= Grand Slam (BBC TV) =

1980s televised contract bridge tournament

Grand Slam was the title of three series of duplicate bridge tournaments broadcast on BBC2 television between 1981 and 1983. The first two series were international matches between teams from the United States and the UK, while the third was a British regional knockout competition.

The programmes were presented by Jeremy James and commentary was provided by other bridge experts. For the international series, books were published prior to the broadcasts documenting the boards and recording the players' thoughts as they bid and played the hands.

==International tournament 1==
Broadcast in 13 programmes between 11 October 1981 and 3 January 1982, the first tournament featured 65 boards of duplicate bridge. Each US pair played each UK pair in approximately half of the boards. The teams were:
- UK: Jeremy Flint and Claude Rodrigue; Pat Davies and Nicola Gardener
- US: Matthew Granovetter and Neil Silverman; Jacqui Mitchell (as Jackie Mitchell) and Gail Moss
The commentator was John Beard. After opening up a wide lead and losing it again, the British team eventually won the tournament by 7 IMPs.

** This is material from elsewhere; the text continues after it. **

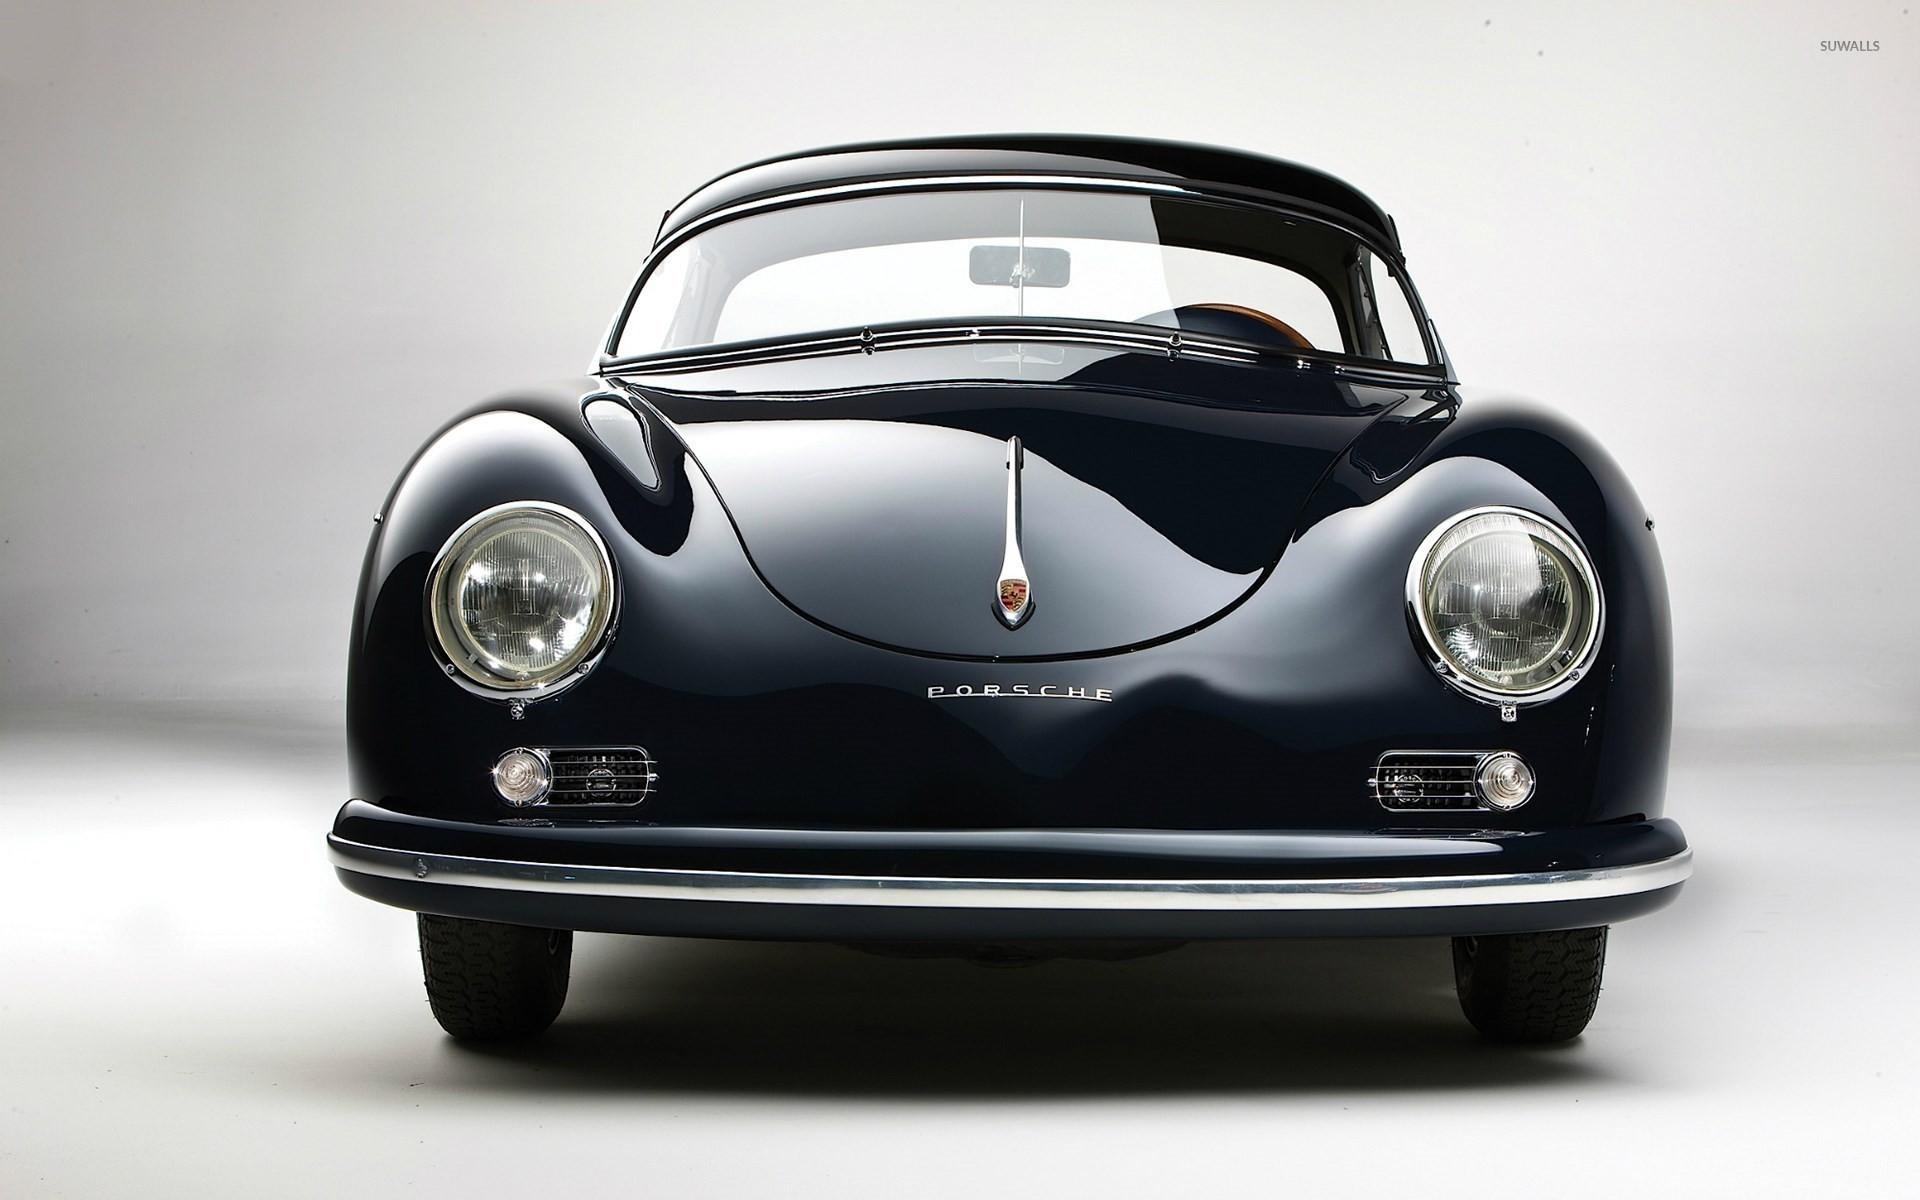 1920x1200, Porsche 356 Wallpapers - Porsche 356 - HD Wallpaper

==International tournament 2==
The second international tournament was played at Painswick House, Gloucestershire, and broadcast between 20 February and 14 May 1983. There were 78 deals in seven sessions, and a prize of £8,000. With one exception, the teams were as in the first series:
- UK: Tony Priday and Rodrigue; Gardener and Davies
- US: Silverman and Granovetter; Moss and Mitchell
Commentary was by Jeremy Flint. The British team won again, this time by 32 IMPs.

==Regional tournament==
Later in 1983, from 10 September to 10 December, BBC2 broadcast a knockout tournament among teams from British bridge clubs. The club pairs were advised by four experts: Jane and Tony Priday, Irving Rose, and Victor Mollo. The teams were: Birmingham, Southampton, Buchanan (Scotland), Croesyceiliog (Wales), Bristol, St John's Wood "A" and "B", and Manchester. Two programmes were devoted to each match.

Broadcast commentary was provided by Jeremy Flint, Victor Mollo, and Tony Priday.